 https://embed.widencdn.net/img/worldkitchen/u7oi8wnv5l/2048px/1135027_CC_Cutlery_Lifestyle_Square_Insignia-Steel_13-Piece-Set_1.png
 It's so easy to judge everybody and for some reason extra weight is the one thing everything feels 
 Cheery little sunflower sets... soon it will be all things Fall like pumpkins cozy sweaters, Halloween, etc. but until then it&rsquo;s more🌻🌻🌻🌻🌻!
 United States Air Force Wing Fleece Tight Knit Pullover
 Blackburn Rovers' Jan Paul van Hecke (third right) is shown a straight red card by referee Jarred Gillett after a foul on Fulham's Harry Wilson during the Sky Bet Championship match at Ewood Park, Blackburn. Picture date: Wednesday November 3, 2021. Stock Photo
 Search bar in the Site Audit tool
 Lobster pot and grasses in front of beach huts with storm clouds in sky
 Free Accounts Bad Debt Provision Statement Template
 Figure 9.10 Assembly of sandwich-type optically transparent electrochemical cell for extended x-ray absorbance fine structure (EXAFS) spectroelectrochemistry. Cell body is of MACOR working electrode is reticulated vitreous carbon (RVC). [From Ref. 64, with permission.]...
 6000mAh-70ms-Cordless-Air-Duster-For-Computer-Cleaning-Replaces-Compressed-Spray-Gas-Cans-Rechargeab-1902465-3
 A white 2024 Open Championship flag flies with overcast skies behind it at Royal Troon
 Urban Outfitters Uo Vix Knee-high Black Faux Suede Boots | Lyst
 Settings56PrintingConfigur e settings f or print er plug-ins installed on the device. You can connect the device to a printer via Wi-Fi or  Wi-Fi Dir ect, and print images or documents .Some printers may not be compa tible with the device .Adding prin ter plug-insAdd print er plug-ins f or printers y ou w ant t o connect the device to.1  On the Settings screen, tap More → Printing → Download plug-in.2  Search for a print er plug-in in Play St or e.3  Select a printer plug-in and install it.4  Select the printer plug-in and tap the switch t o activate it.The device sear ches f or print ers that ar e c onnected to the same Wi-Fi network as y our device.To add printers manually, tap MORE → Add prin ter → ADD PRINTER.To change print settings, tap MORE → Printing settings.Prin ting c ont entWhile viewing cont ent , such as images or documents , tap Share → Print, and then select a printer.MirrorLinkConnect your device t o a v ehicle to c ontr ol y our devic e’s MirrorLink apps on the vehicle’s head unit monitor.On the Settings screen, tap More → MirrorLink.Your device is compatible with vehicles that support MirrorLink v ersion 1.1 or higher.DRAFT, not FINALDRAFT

────────

▶ [What is being asked]:
From the first line of the listing above through the line that contains "Lobster pot and", set down each line without alteration, and nothing else.

▶ [Exercise result]:
 https://embed.widencdn.net/img/worldkitchen/u7oi8wnv5l/2048px/1135027_CC_Cutlery_Lifestyle_Square_Insignia-Steel_13-Piece-Set_1.png
 It's so easy to judge everybody and for some reason extra weight is the one thing everything feels 
 Cheery little sunflower sets... soon it will be all things Fall like pumpkins cozy sweaters, Halloween, etc. but until then it&rsquo;s more🌻🌻🌻🌻🌻!
 United States Air Force Wing Fleece Tight Knit Pullover
 Blackburn Rovers' Jan Paul van Hecke (third right) is shown a straight red card by referee Jarred Gillett after a foul on Fulham's Harry Wilson during the Sky Bet Championship match at Ewood Park, Blackburn. Picture date: Wednesday November 3, 2021. Stock Photo
 Search bar in the Site Audit tool
 Lobster pot and grasses in front of beach huts with storm clouds in sky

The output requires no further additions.